6/2007
“Are you okay? You look a little pale.”
My preceptor was talking directly to me, and I heard him, but I couldn’t bring myself to answer. The truth was that I was most definitely NOT okay. I was not okay. But that wasn’t something that I wanted to put on display. I wanted to be the portrait of strength, not the sobbing wreck who wanted to toss her cookies right there next to her preceptor’s partner in the ambulance bay.
**********
“This, folks, is what I love about this job.” Scott, aka “The Preceptor” was sitting on the step on the side of the truck that led into the patient compartment. His partner, Danny Boy, was snoring loudly in the back of the truck. I sat in the front passenger’s seat, window open, just watching. He was physically beat, hell, we all were. 12 runs in ten hours. 12 runs that took twice as long as they should have because he had me with him. I was slow. I’ll admit it. I was being ridiculously thorough. Paperwork took longer, assessments took longer, everything took longer.
It had been a long day, but it was ending in spectacular fashion. We were on standby at a house fire. For a girl who has had zero fire experience, it was fantastic to watch. Every color in the spectrum was lighting up the summer sky. It was the first time in my life that I thought that I might want to learn more about this “fire stuff”. I was watching the flames when I heard a frantic voice. A screaming voice.
“WE HAVE A KID!”
No. No no no. No kid. No people. The house was supposed to be empty. Scott jumped from his seat and was in the back of the truck before our information had a chance to make it’s way from my brain to my body. He was screaming at Danny Boy to “Wakethefuckup” while he furiously grabbed at whatever equipment we could possibly need.
“Epi, getyourassbackhere!” Whatever calm Scott had in him had gone out the window. I was out the door before he had a chance to finish yelling.
Almost as quickly a large man with a mixture of steam and smoke coming off of his shoulders deposited a tiny limp blackened body into Scott’s arms.
I can’t repeat the string of expletives that escaped my lips.
I found myself ill equipped. I worked on a transfer truck for crying out loud. I didn’t see burned babies… I saw dialysis patients. I saw wound care patients. On occasion I took a stable MVC patient to the ER or got the chance to dodge vomit. Once in a great while I was on a truck for a chest pain patient or a CVA. Certainly not a charred baby the age of my littlest one.
I jumped into the empty captain’s chair and reached for the airway bag while Danny Boy tore the boys clothes from his little body and The Preceptor checked the little one’s vitals.
As we suspected.
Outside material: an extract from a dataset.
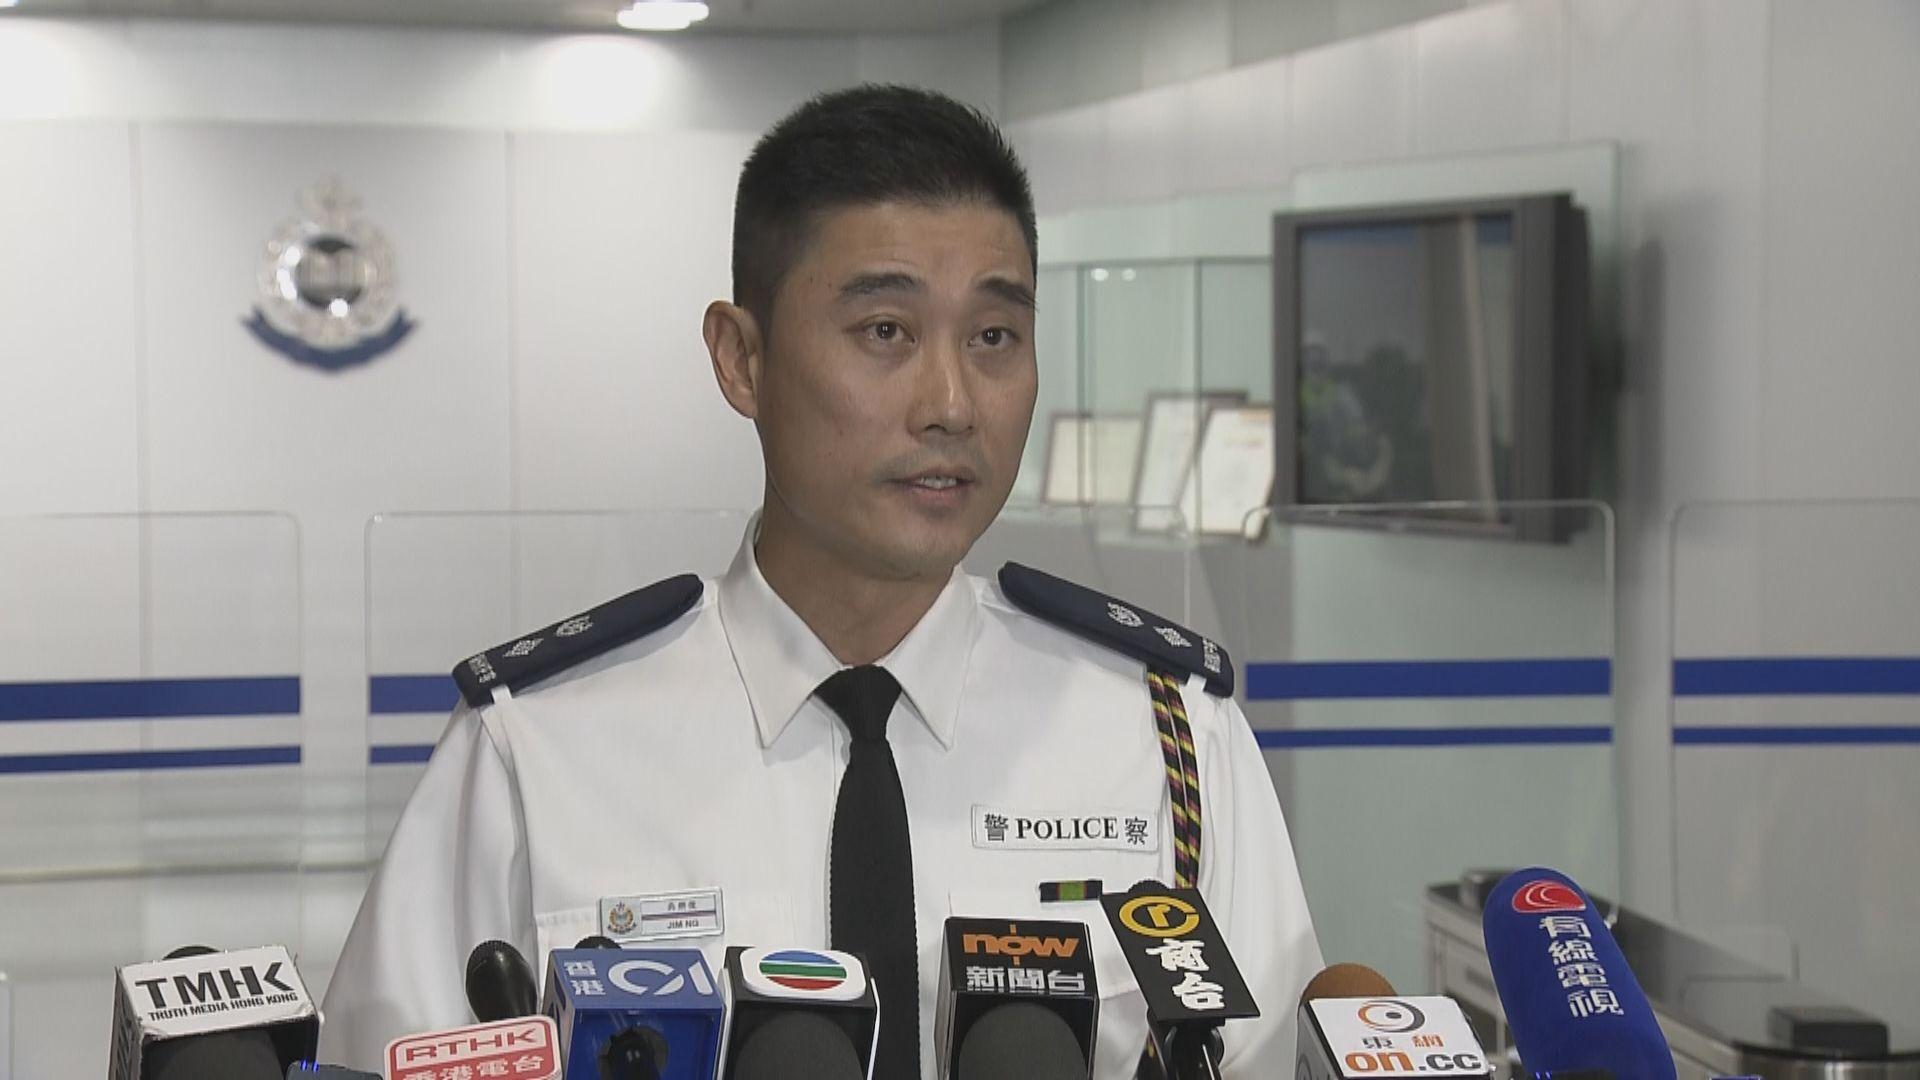 警方在集會前拘捕最少八人 涉嫌攜有攻擊性武器

Pulseless. Apneic.
**********
Continued tomorrow night.
















Epi, we are never equipped for those moments. We do as we are trained because we must but it never gets easier. I’m past 50 now; it never gets easier….
Thank you, Lynda.
It was a run that I had very recently that brought back these memories. I wish to hell I didn’t carry them with me.
Hopefully with time I’ll be better at leaving it all at work.
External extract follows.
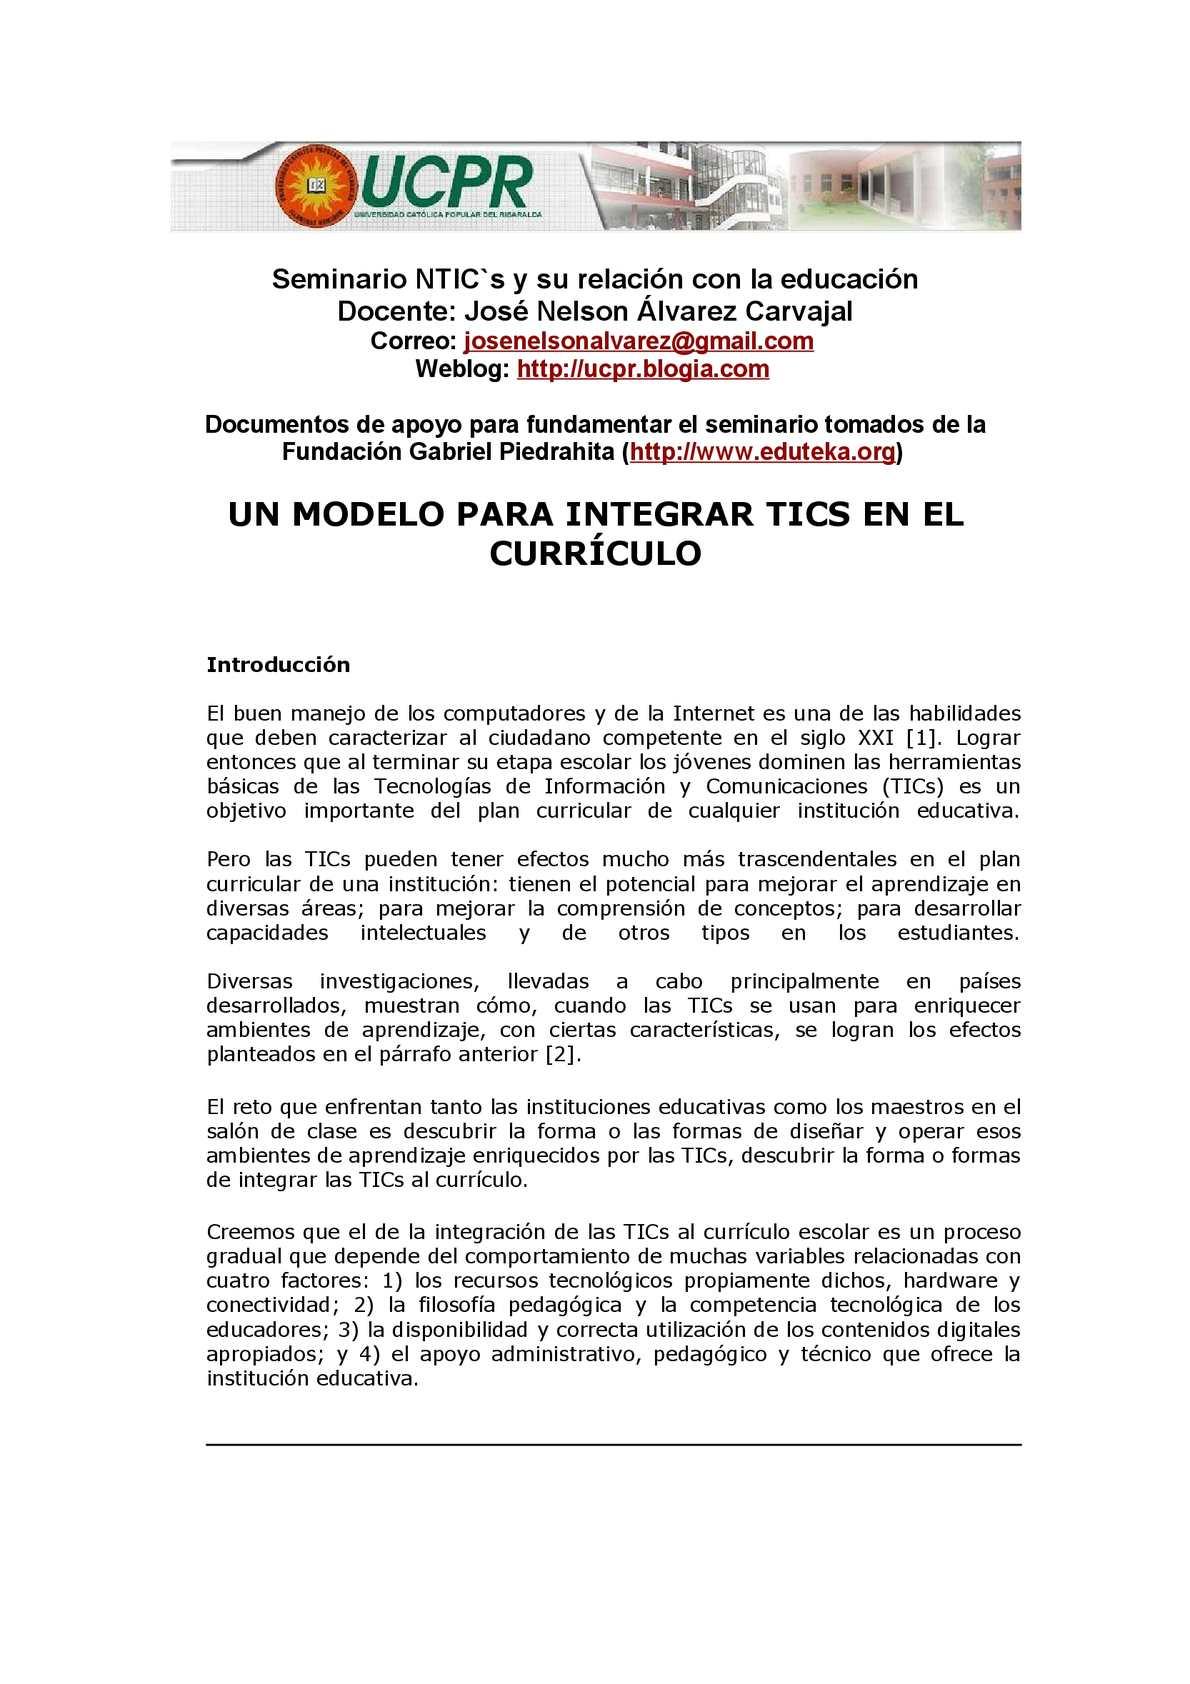 Calaméo - UN MODELO PARA INTEGRAR TICS EN EL CURR CULO 1131e3e1b52

Yeah…those are never fun…and no, they are never easy.
That said, those are the ones you want to talk to someone about and put away. Hanging onto them for too long will definitely leave you a mess…and you don’t deserve that.
Jesus Epi!
Horrible. I hope that I am never in that position.
Sending lots of Hugs!
I’m sorry Epi. I hate all pedi calls and that one sounds bad. The last two ped calls I’ve been on have been horrible.
Epi- You have now been slapped in the face with reality, and it’s NOT pretty… Burns are bad, pedi burns are even worse… They NEVER get easy, I will tell you I still have nightmares from a call I ran in 1978… Your only choice is to put ALL your feelings in stasis and work the problem without letting anything but your training filter through. Only afterwards can you take the time to process the rest of the information. And I will also tell you it never gets easier… However, IF you can save just one, that save will be worth it’s weight in gold to you!
Good post, want the rest. JS
I swear to god my stomach dropped through the floor when I read that line.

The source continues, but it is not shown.